9. In the end, the learned counsel for the petitioner drew attention of the Court to the impugned order dated 14.2.2003 and submitted that adjournment application having been rejected on the ground that there was none to press that application is a sort of penalties visited upon the petitioner for no fault of the petitioner. In para 3 of the affidavit, it is clearly stated that .the counsel for the petitioner had moved adjournment application. In Rafiq v. Munshilal, AIR 1981 SC 1400, the Apex Court held that as per the present adversary legal system, if a client selects his advocate, briefs him and pays him his fee, he can remain supremely confident that his lawyer will look after his interest and such an innocent party should not be punished for the negligence of his lawyer. By this reckoning, the view of the court below in dismissing the claim petition and subsequently in rejecting the applications for recall/restoration and for condonation of delay cannot be countenanced in law and the orders are liable to be quashed.
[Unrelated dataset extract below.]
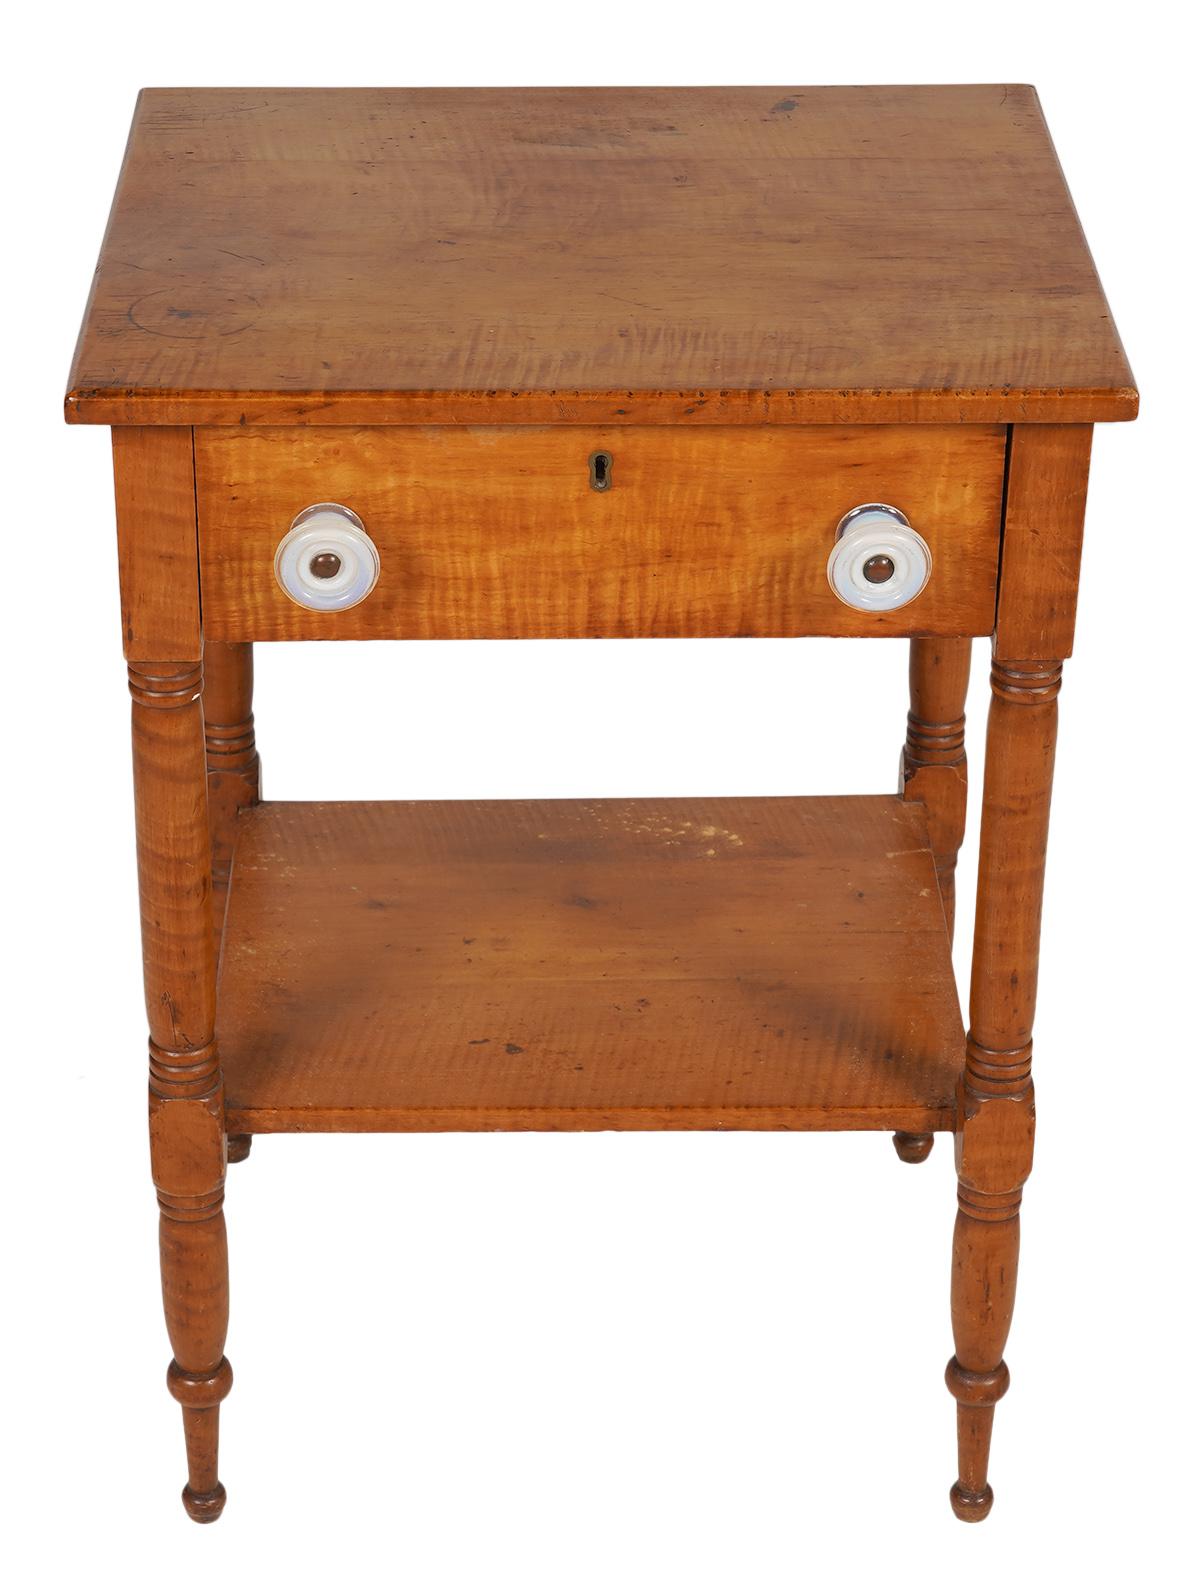 This early American tiger maple work table or stand features a top with slightly rounded edges above a frieze holding a drawer with likely original milk glass pulls. The four turned and carved legs are united by a lower shelf.

10. As a result of foregoing discussion, the petition succeeds and is allowed. In consequence, the impugned orders dated 14.2.2003 and 4.2.2004 passed by the Motor Accident Claims Tribunal/Additional District Judge (Court No. 17) are quashed. As a necessary corollary, the Motor Accident Claim Case No. 37 of 2002 shall stand restored to its original number. In the facts and circumstances of the case, it is directed that the District Judge, Meerut shall hear and decide the M.A.C. No. 37 of 2002 will recall the case to his Court and decide the said case expeditiously preferably within four months from the date of presentation of a certified copy of this order.